Sign of induced EMF and other elements in AC circuit

Question

I am having problems to determine the direction of the induced EMF in AC circuits. For example, we have an inductor of inductance $L$. The induced EMF is given by:

$$ \epsilon = - L \frac{di}{dt} $$

where the minus sign is "explained" by the Lenz law. But how do I apply this to an AC current. The direction of current is changing (usually by sine or cosine laws). See the following link:

http://en.wikipedia.org/wiki/RLC_circuit#Series_RLC_circuit

for a series LCR circuit. Here the equation is given by

$$ L \frac{di}{dt} + Ri + \frac{1}{c}q = \epsilon_0 \sin (\omega t) $$

How do I know the sign of the first term on the left hand side... ? Why isn't it for example:

$$ - L \frac{di}{dt} + Ri + \frac{1}{c}q = \epsilon_0 \sin (\omega t) $$

When is it + and when -... Furthermore, how do I know the sign of any of the terms? The current is changing periodically. Why can't it be:

$$ L \frac{di}{dt} + Ri + \frac{1}{c}q = - \epsilon_0 \sin (\omega t) $$

My initial guess is that this depends on the point in time that we choose, but that ultimately gives us different solutions...

Answer 1

I'm telling you... when I apply the laws I get the wrong equation... Why do we ignore the minus sign in front of L(di/dt)?????

The voltage across an (ideal) inductor is given by

$$v_L = L \frac{di_L}{dt}$$

(here, I assume the passive sign convention). The inductor emf has the opposite sign of the voltage across and, for solving circuits, we're interested in the voltage across. It's not that we're ignoring the minus sign, it's that the voltage across doesn't have a minus sign.

Consider an (ideal) voltage source, with non-zero constant voltage $V_S$, connected across an inductor. The voltage across the inductor is fixed by the voltage source. If there were no (induced) emf, the current would be arbitrarily large ('infinite') since the ideal inductor has zero resistance.

For the current to be finite, there must be an emf that 'opposes' the voltage $V_S$. Since, for a constant current through, there is zero emf, it follows that if the current is finite, it must be changing at just the rate required to produce an induced emf that is equal in magnitude to $V_S$.

$$\mathcal{E} = -V_S = -L\frac{di_L}{dt}$$

Answer 2

emf induced by inductor is negative but emf applied by battery on inductor is positive. So, that inductor tries net voltage across it is 0. Emf applied by battery is E°sinwt of which LdI/dt is applied across inductor, RI across resistance and Q/C across capacitor.

-LdI/dt is induced across inductor and not applied.

Now, consider direction of emf is changed and emf now is -E°sinwt. Now voltage across resistance, inductor and capacitor also become negative. $$ -E°sinwt = -LdI/DT - RI -Q/C$$ = $$E°sinwt = LdI/DT + RI + Q/C$$

Answer 3

This is a very interesting question which has at least two answers.

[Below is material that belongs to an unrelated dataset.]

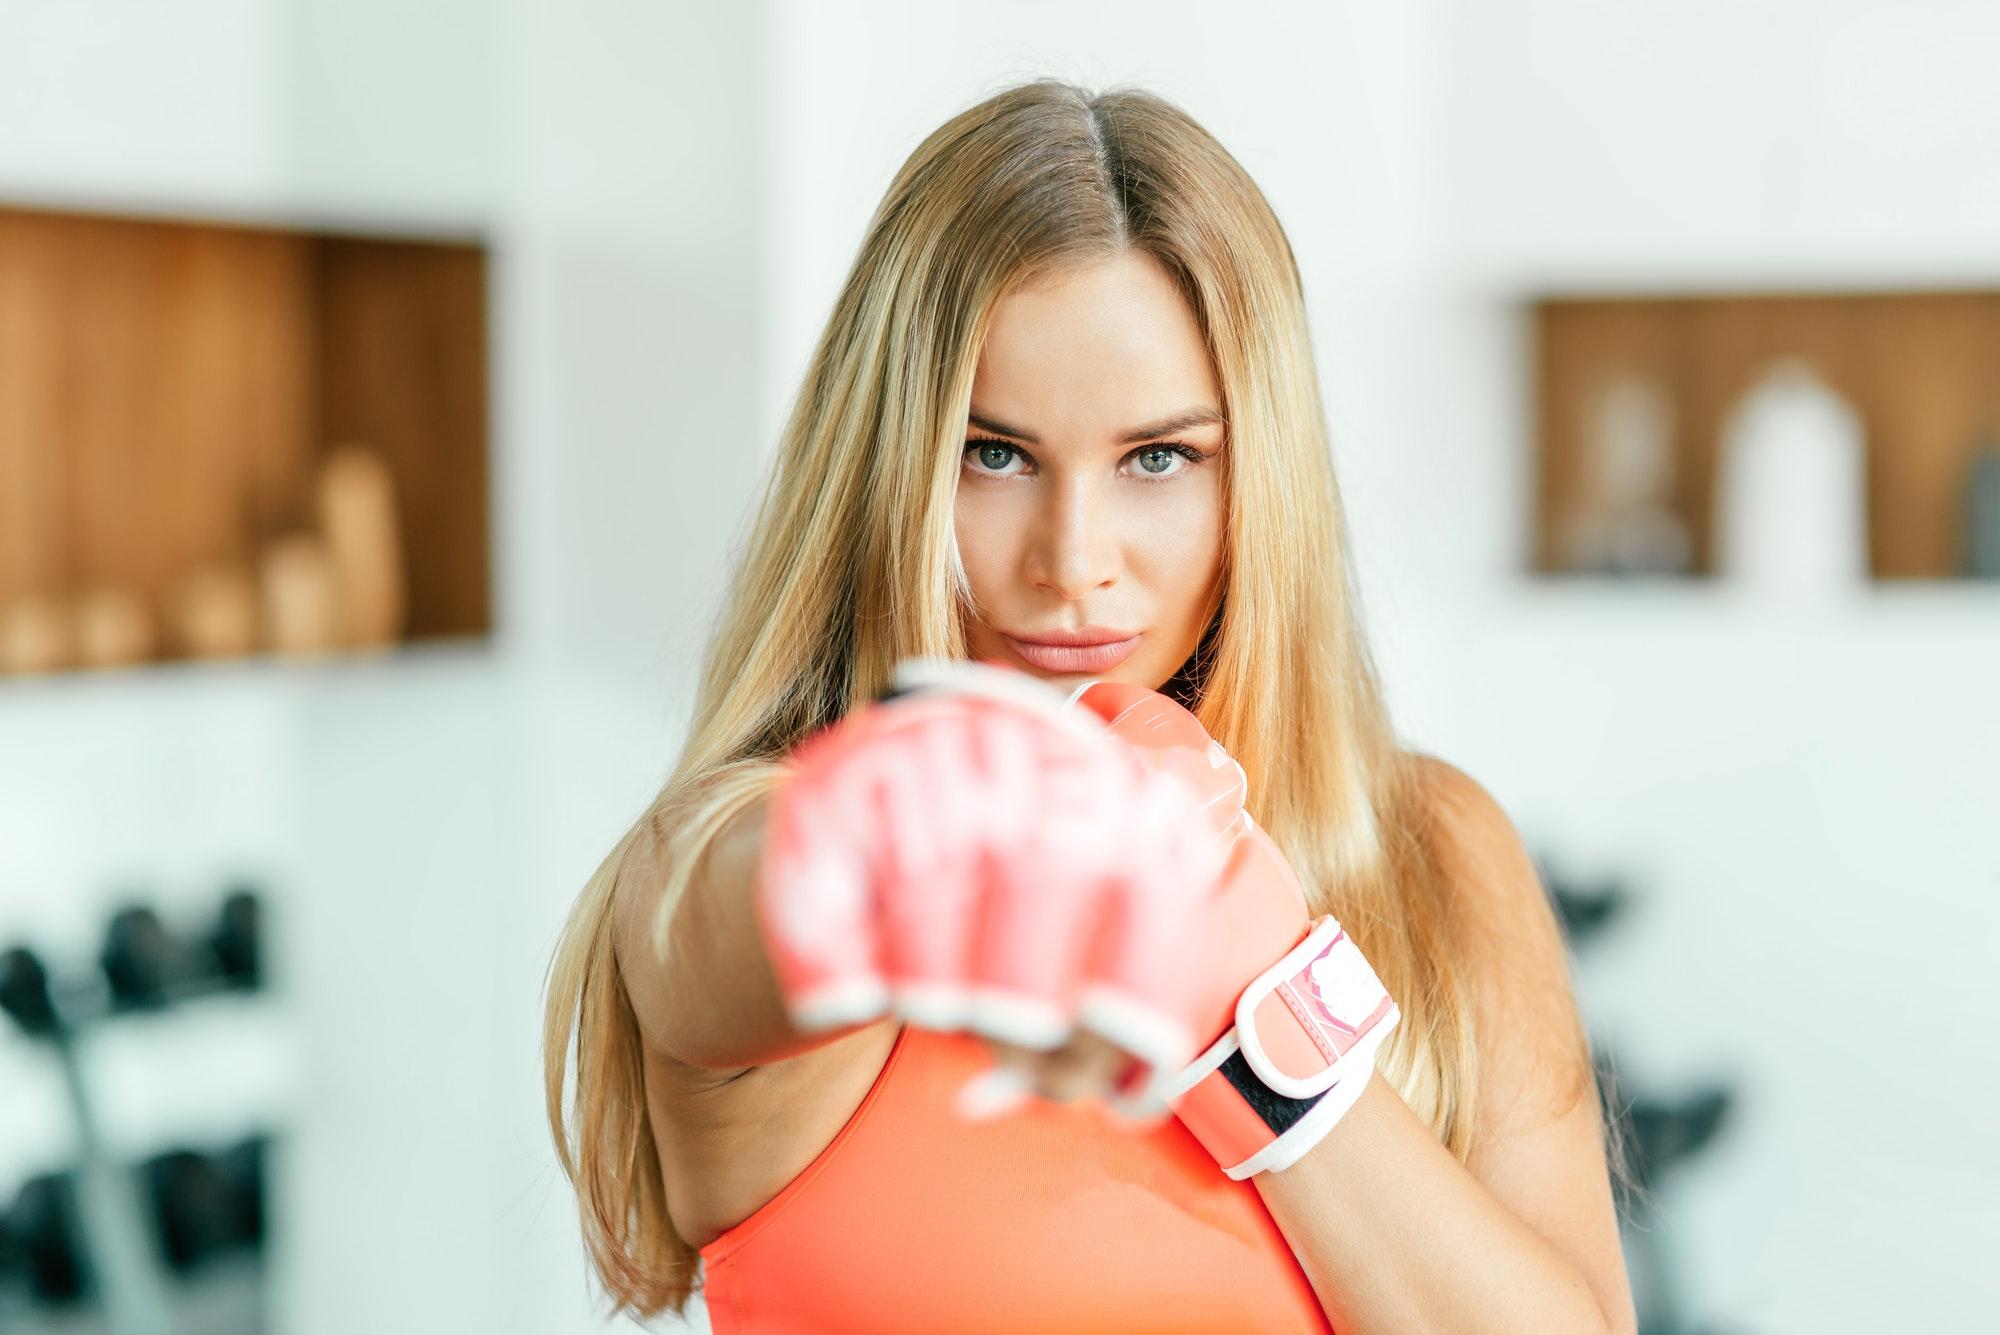 Dangerous girl. Sportswoman working out in gym.

The first answer is for an electrical/electronic engineer who wants to get a correct answer by using any systematic and coherent method.
The Associated Variables Convention is used. You assign a current direction to each circuit element and then assign a plus sign at the point at which the current enters the circuit element. A negative sign is assigned to the other end of the element and this then defines the voltage across the element as shown in the diagram below.

You then apply Kirchhoff’s voltage law to the circuit by going round a complete loop and assigning the sign you first come to on entering the circuit element to the voltage.
So starting at the bottom left-hand corner of the circuit in the diagram above and going around the circuit in a clockwise direction you get

$- E \sin(\omega t) + v_L + v_C +v_R = 0$

$\Rightarrow - E \sin(\omega t) + L \frac{dL}{dt} + \frac q C +I R = 0$

There is a detailed explanation of this convention in the “MITx: 6.002.1x Circuits and Electronics 1: Basic Circuit Analysis” course which is running at the moment. There is also an excellent free textbook available when you register for this course.

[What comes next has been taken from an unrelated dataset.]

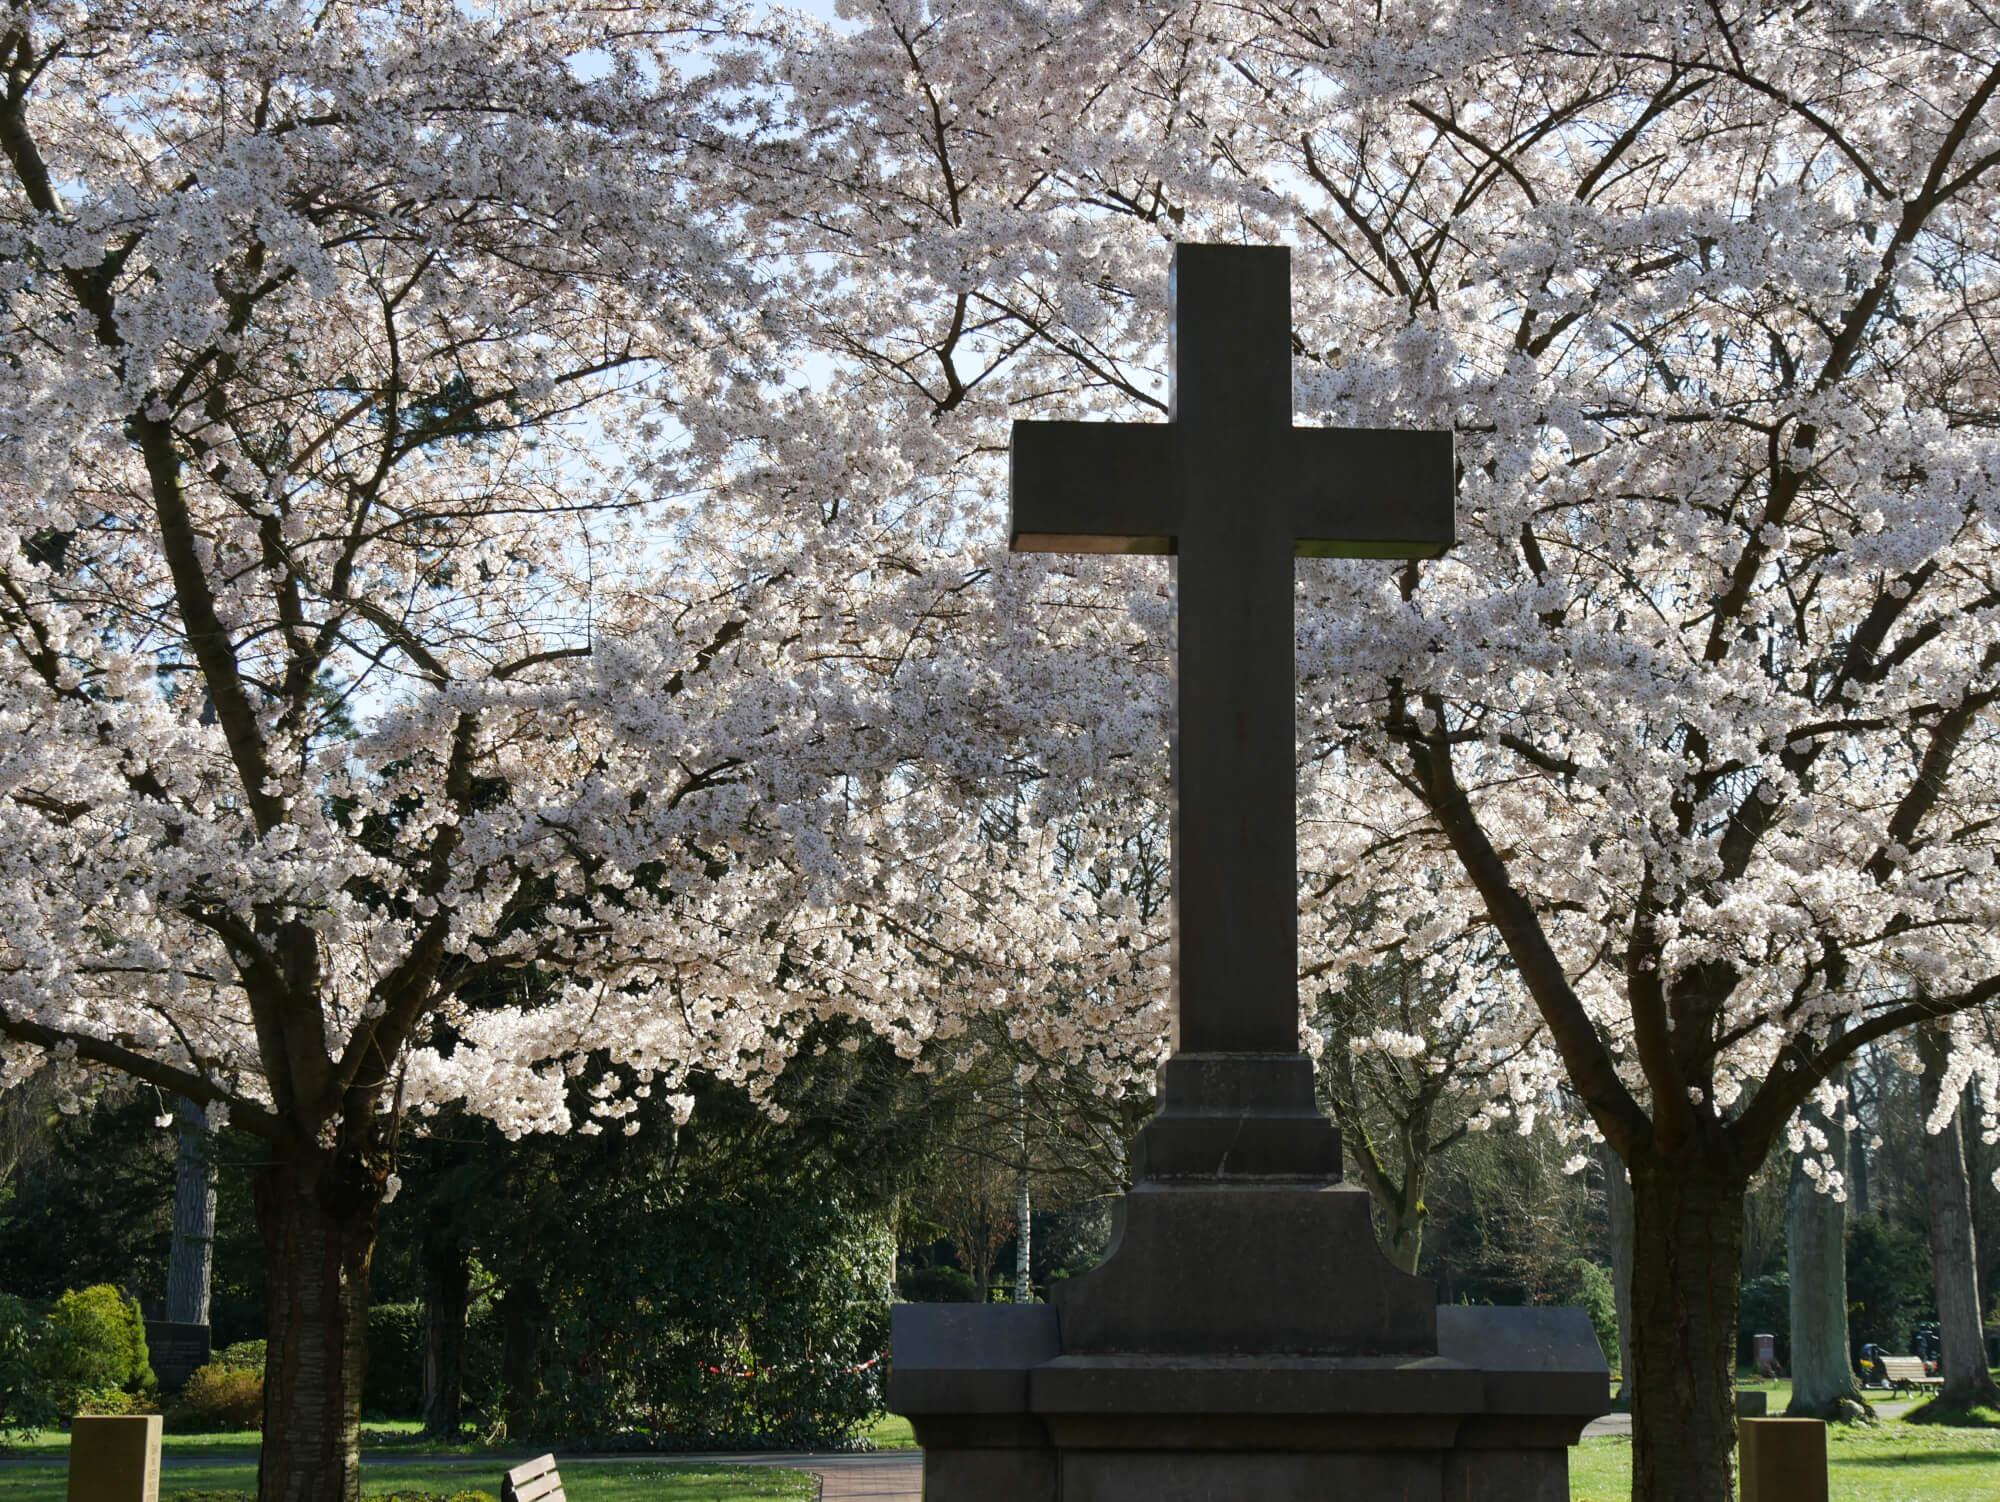 Gravestone in front of flowering trees

The method described above works and predicts voltages and currents in circuits correctly.

From the point of view of the Physics there is however a fatal flaw.
It is that you cannot apply Kirchhoff’s voltage law when there is a changing magnetic flux through a circuit.

The correct equation to apply is

$- E \sin(\omega t) +0 +\frac q C +I R = - L \frac{dL}{dt} $

There is a detailed explanation of this in Professor Lewin’s lecture on electromagnetism (16) and also it is worth looking at a couple of his subsequent lectures.
There are some notes here.

You will note that both methods produce the same final equation but only one of them is produced with the application of correct Physics.